Looking around as I attempt to establish myself as an author, I see a lot of people caught up in the dichotomy of, “To traditionally publish or not? That is the question.” Every corner of the literary internet has an opinion on whether self-publishing or traditional publishing is better, or who it is better for. So caught up in this controversial professional issue, I think a lot of people start thinking about the choice as a purely binary one.

Since I decided to start trying to publish my books two years ago, I’ve found that there are a multitude of avenues to take when you decide you want to publish. The first thing I realized was a common-sense rule that should be obvious to anyone who’s familiar with the querying process: The shorter it is, the easier it is to get someone to read it.

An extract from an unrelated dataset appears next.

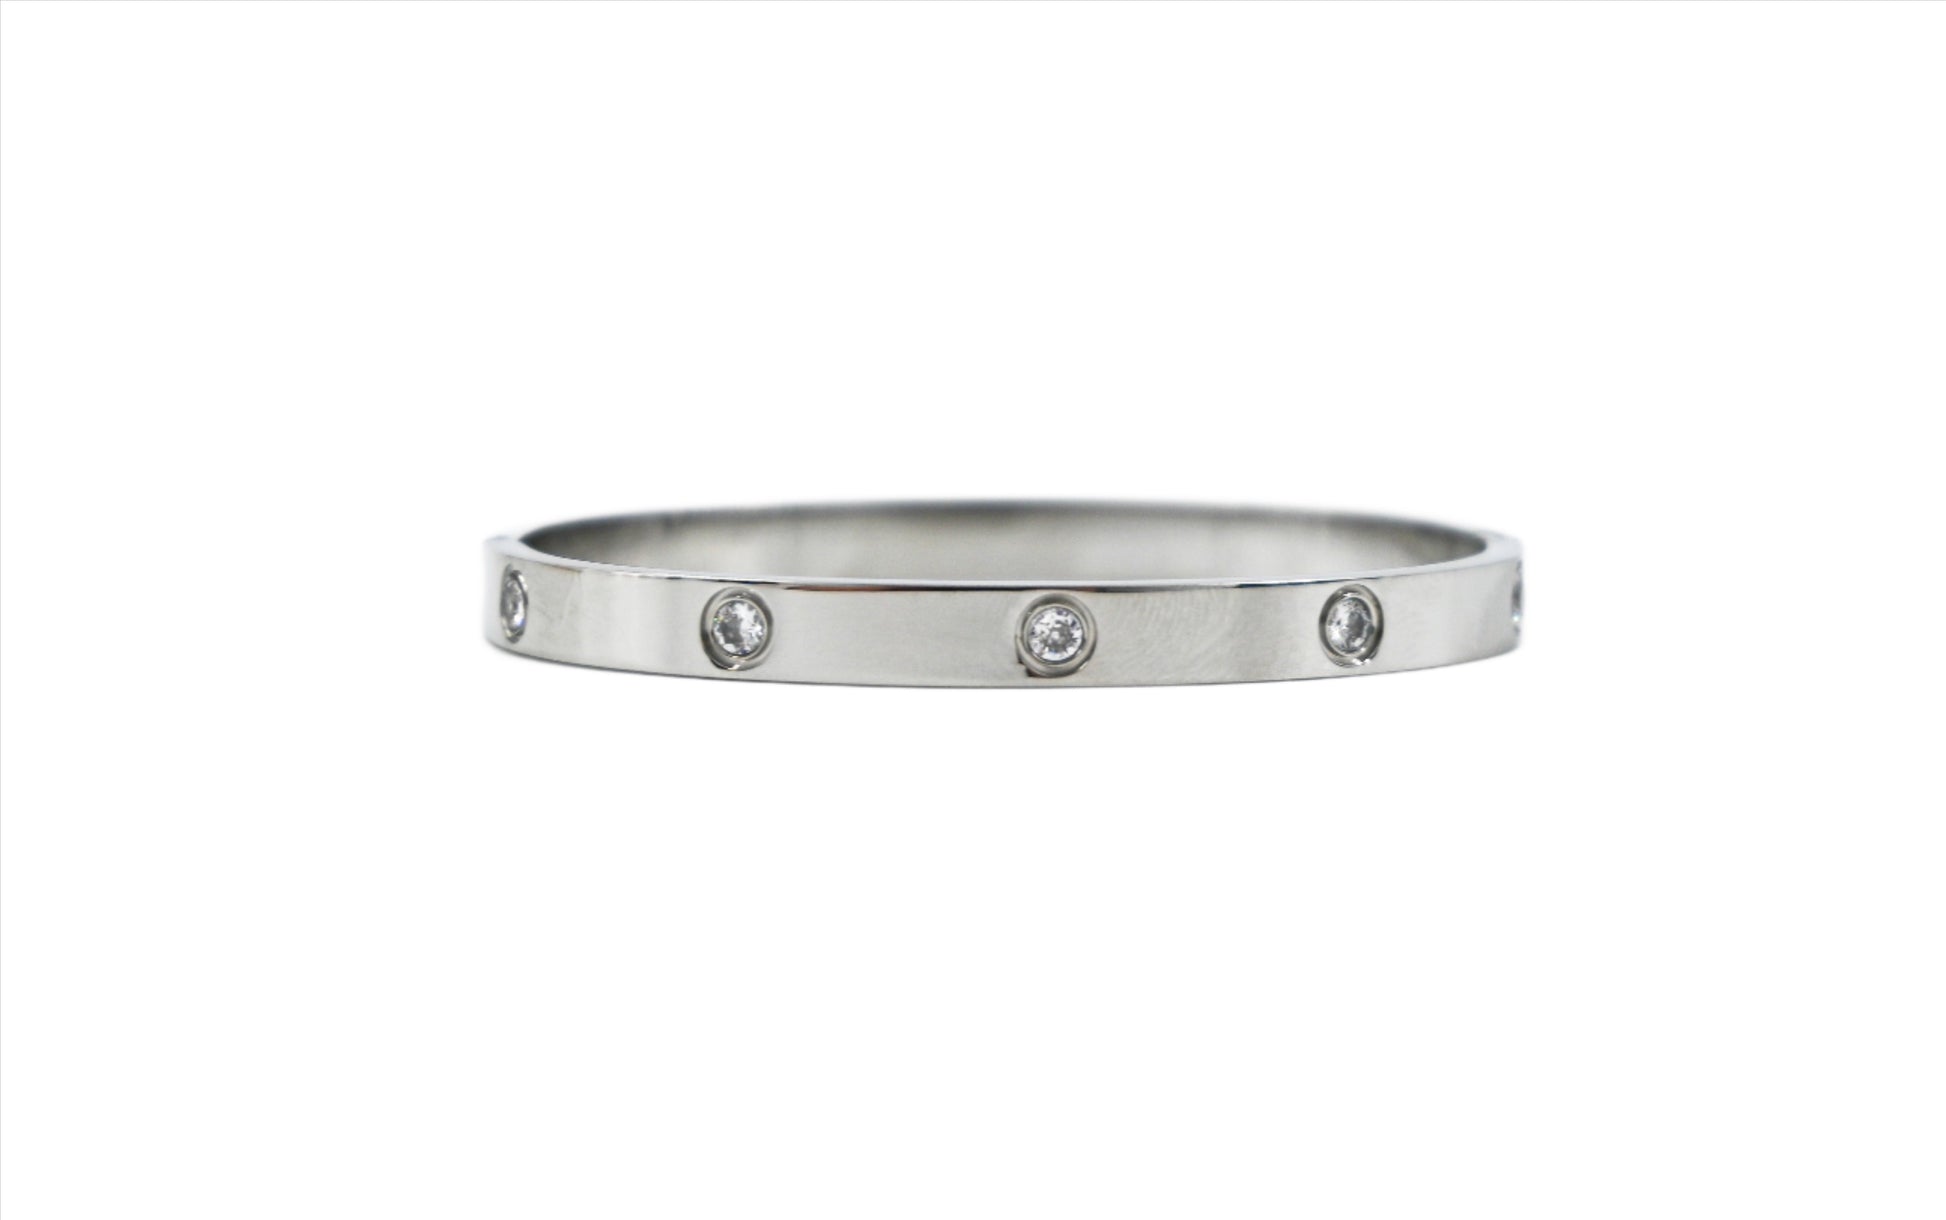 Cartier style bracelet in silver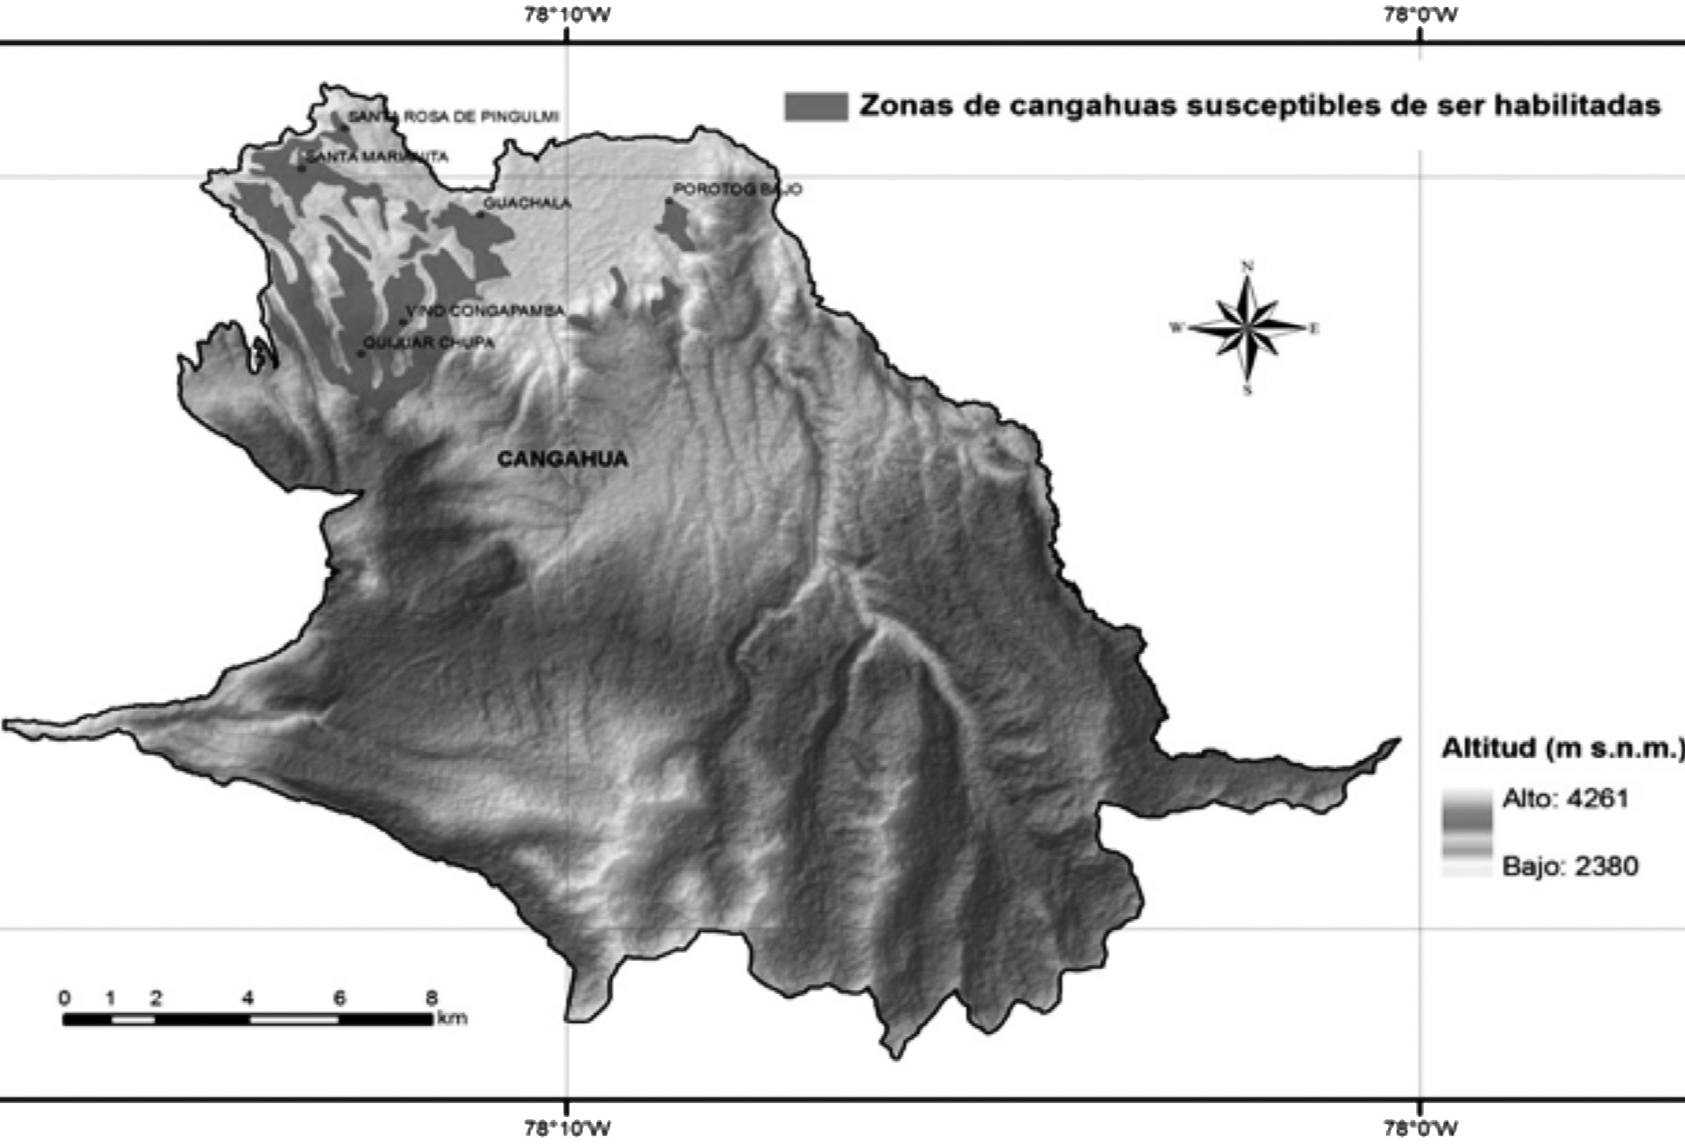  Ubicación geográfica de las zonas con cangahuas susceptibles de ser habilitadas.

I’ve queried a lot of short stories and poetry and gotten it published with tiny literary magazines. Are these impressive names I can drop? Not at all. Did it pay? Hardly. Am I published? Yes.

One of the golden rules for being “discovered as an artist” that I once heard was that to be discovered, you have to put your art where people will see it. I think the key to gaining that following everyone wants you to already have is to building it in slow steps. Make sure that whenever you tell someone “I’m a writer,” you can also tell them where they can go online to find something you’ve written. When my exclusivity contracts for short stories come due, I always put them up on my blog or website, if they aren’t already online for free. Make it easy for people to see what you are about.

Like everyone, I’d rather be signing book deals, publishing novels, and paying the rent while readers and fan mail pour in, but I’m resigned to starting slow and going up from here. So far, I’m in a lot better place than my peers who have been querying this whole time or trying to self-publish when they’re artists not marketers.

It’s not very glamorous, but I’ve met a lot of people and built a very neat network of other independent editors, publishers, and writers over the past few years. I can honestly claim that I’m published, and when people—potential readers or other professionals—ask me about my work, I can tell them where to find it. Pretty good for a silly little girl who doesn’t even have her BA in English yet.